The Hedgehog missile was also feared by surface ships, although it was only known in uses against submarines. This was because the sight of an exploding Hedgehog missile was awe inspiring; water would go in a perfect hedgehog shape, just like the missile. Overall, the Hedgehog missile was exceptionally successful and helped Britain defeat German forces (Rush 95).Therefore, the  technological revolution was just as valuable as the strategic one. Submarines developed ballast tanks to control balance, weight, and buoyancy. To counteract the superiority of German submarines, the British used their advanced bomb technology to create the antisubmarine weapon that was known as the Hedgehog. By doing this, the submarine was proven to be one of the most technologically advanced naval weapons of its time.Lastly, the submarine was greatly affected by the invention of Sonar. Originally, this technology was based off of British ‘direction finding’ or DF systems that were used in World War I. The British did not very successfully develop this system any further during the Great War due to primitive resources and hasty construction. Nevertheless, it certainly advanced in the early 1940s.

According to U-Boat scholar Clay Blair, the system functioned as follows, “Called the ‘grid system’: north-to-south latitudes and west-to-east longitudes were defined alphabetically, A to Z. The systems’ operators could therefore locate the exact global positioning of German submarines” (75). The genius invention of the system Americans refer to as Sonar and the British Asdic reformed the power of searching for, finding, and counter attacking submarines. The Germans adopted their own submarine radar system. The German version was named Enigma, and was a near success, just below Sonar and Asdic of the US and British navies. However, an obvious disadvantage was soon found with German submarine commanders was that it was less accurate. Enigma made torpedoes miss targets in plain sight (Blair 75). A similar version of the commonly known Sonar is Radar. Radar was used in aircraft particularly in the US and Britain. This was helpful because at times Sonar was difficult to use, it broke down because of a water spill, or another disadvantage that was commonly found in submarines.

The fact that aircraft was much faster than all submarines made it easy to report back to naval bases in a hurry if a wolf-pack of submarines was unexpectedly coming that way. This way, antisubmarine units like other planes and surface ships could counter attack without being unprepared. In addition to aircraft, Radar was introduced to surface craft in mid-1942. This allowed hunter-killer groups to be prepared for a submarine ambush coming their way. Plus, Charles w. Rush says, “The development of aircraft radar was undoubtedly a major factor in the defeat of the German U-Boat campaign,” proving that Radar systems were both necessary and efficient in finding submarines, whether it was used in the air on planes or on the water with surface craft (. In conclusion, the submarine was a total success, and at times a total failure. Firstly, the submarine went through numerous strategic phases of revolution. This included tactics like mine laying and attacking enemy merchant shipping. “By October 1940, the U-Boats had notched up average sinkings of 60,000 tons of shipping per month, per submarine” proves the strength of German U-Boats (Hutchinson 108).

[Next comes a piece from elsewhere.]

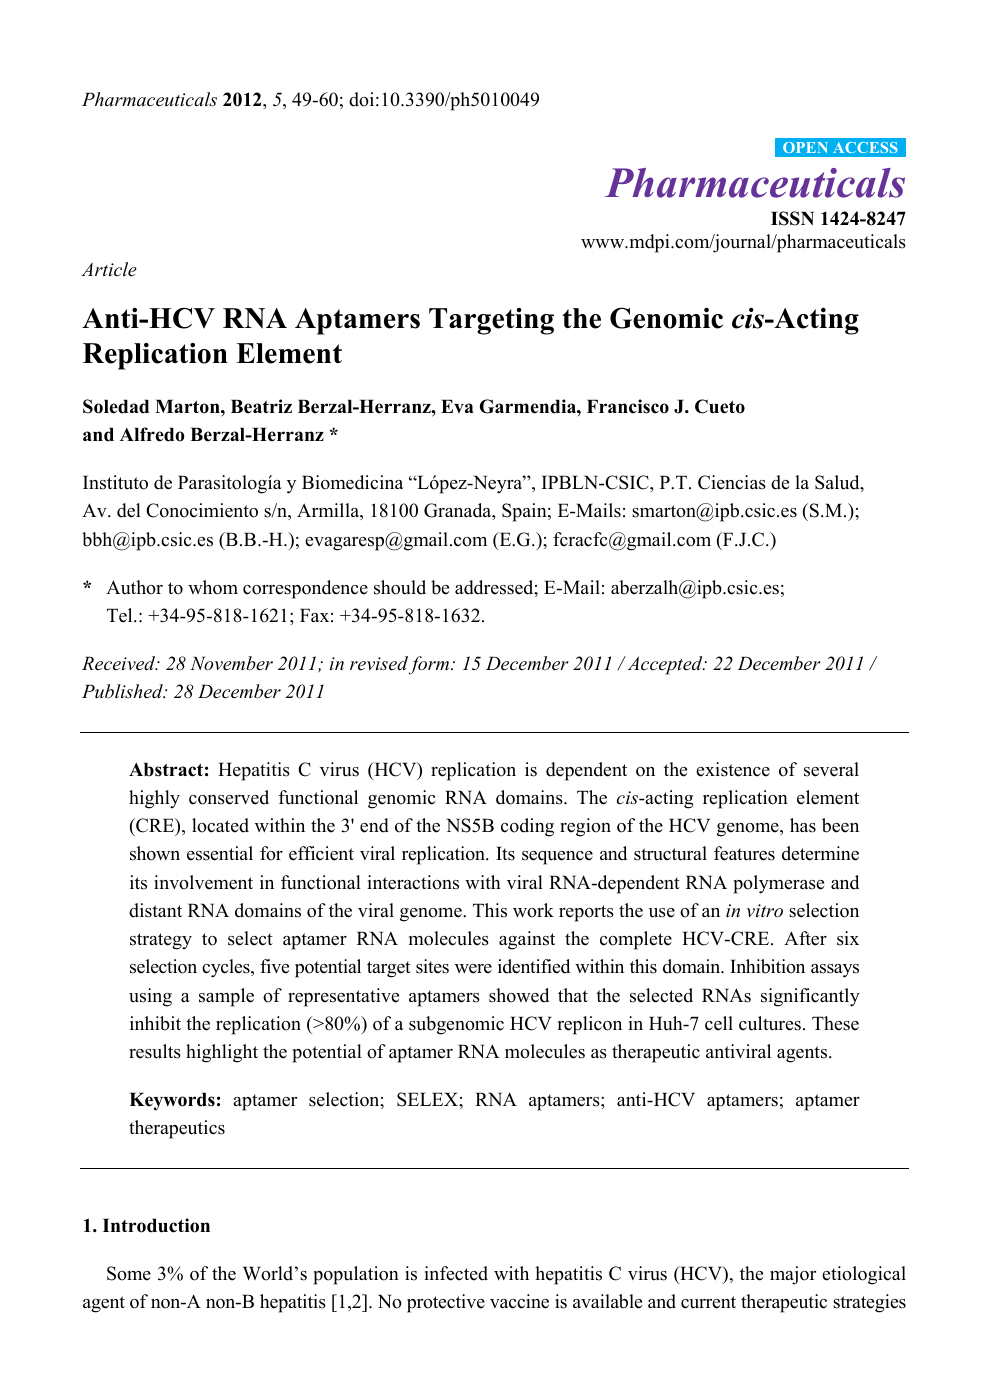 Anti Hcv Rna Aptamers Targeting The Genomic Cis Acting Replication Element Topic Of Research Paper In Biological Sciences Download Scholarly Article Pdf And Read For Free On Cyberleninka Open Science Hub

Secondly, this naval machine withstood many technological changes like torpedoes and Hedgehog missiles. Finally, there is the creation of Radar and Sonar. These two inventions proved to the world that submarines did indeed have a weak spot, and that certain special machines were able to identify their location, even underwater when vision was poor and lighting was even more primitive. Throughout the Second World War, the submarine went through many changes technologically and with radar. The submarine also was used in a very militaristic and strategic manner. Through Sonar, strategy, and systematic technology the submarine is truly famed as the worlds’ most superior naval weapon of its time.